Индивидуалистический характер кустарной вещи, зависевший от личного усмотрения мастера и даже его настроения, заменился механическим производством массы абсолютно одинаковых вещей. „Идеал механического производства — скорость, точность, единство и упрощенность фабриката“ (Ратенау. „Механизация жизни“).

Вещь кустаря — результат личного творчества — едина и неповторна. Вещь фабриканта — масса шаблонов. Механизировался быт, механизировался и человек. Одинаковые вещи рождали одинаковые навыки. Ускорение жизни сократило расстояние между действиями, стянуло их, уточнило, выбросило длительные психологические мотивировки действия.
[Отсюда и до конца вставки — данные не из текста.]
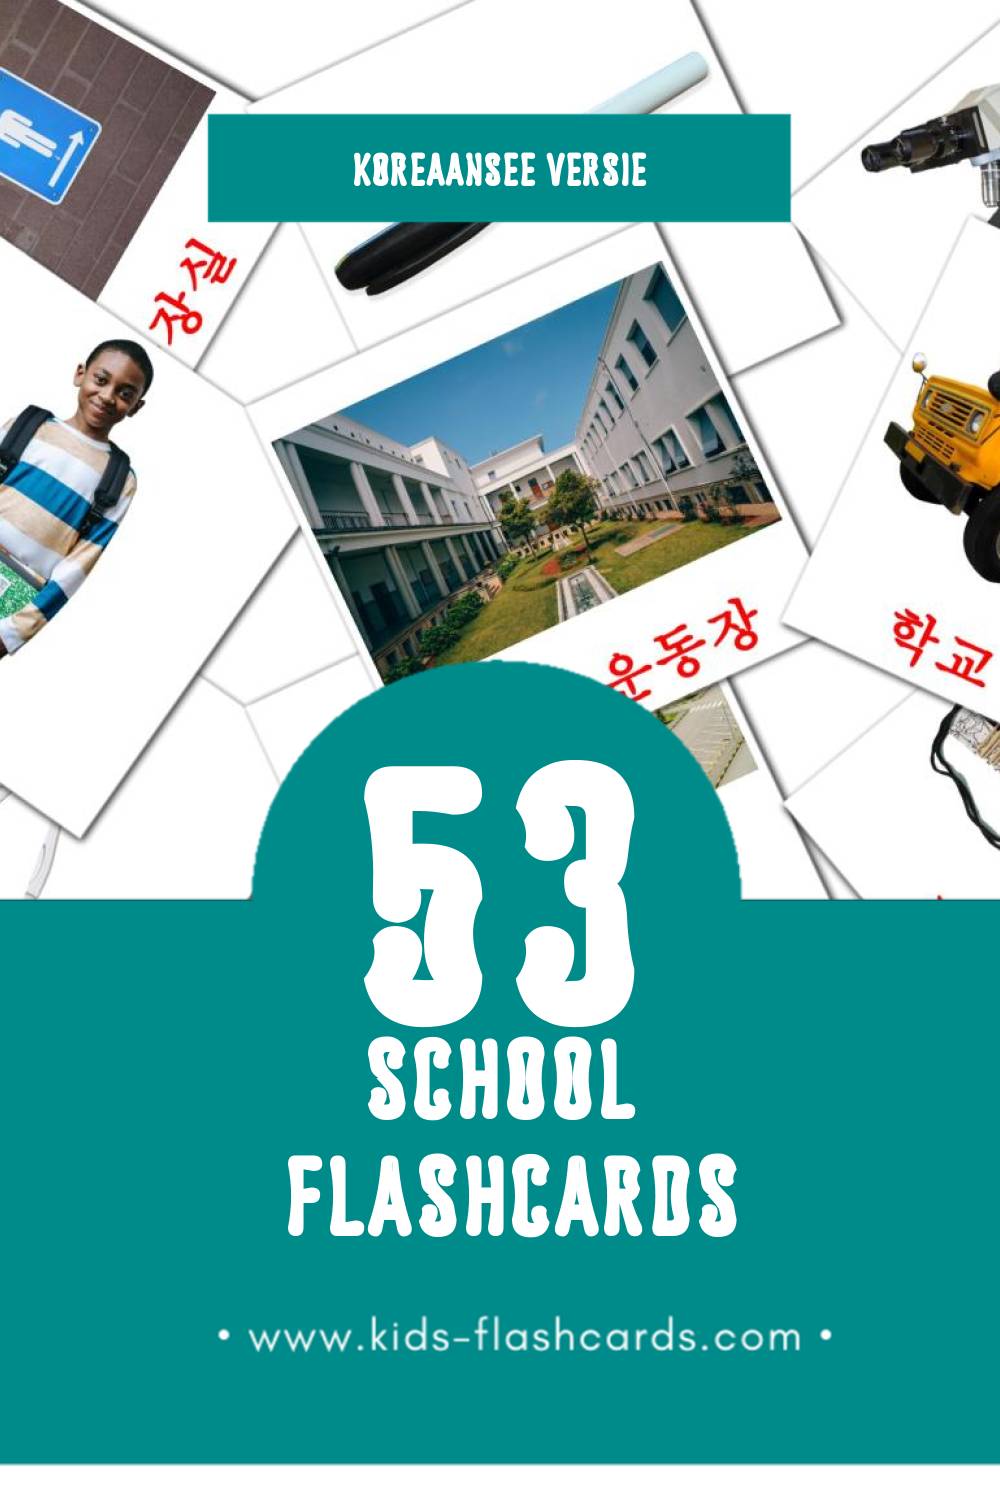 Visuele 학교 장소 Flashcards voor Kleuters (53 kaarten in het Koreaanse)

Скорость, точность и действенность стали свойствами машинизированного человека. Переживания, богатые оттенками настроений, медлительные, безвольные, малодейственные и бездейственные, должны были уступить место коротким и четким разрядам силы и воли. Выработалось новое сложное актуальное мировоззрение. Философию и гносеологию, теорию познания заменила методология — учение о действенном подходе к предмету. Схематизм и конкретность, абстракция и реализм сочетались в этой мысли. Она стремилась не к знанию отдельной вещи, а массы одинаковых вещей, и это было знанием о шаблоне, в котором отливаются тысячи одинаковых вещей. Ей важна была не вещь, но конструкция вещи, по которой делаются или могут быть сделаны тысячи одинаковых вещей, важна была схема, план. Это был новый инженерный конструктивный реализм. План вещей был знанием и об отдельной вещи, но отдельная вещь интересовала своим подобием массы других, а не отличием, как это было с вещами кустаря.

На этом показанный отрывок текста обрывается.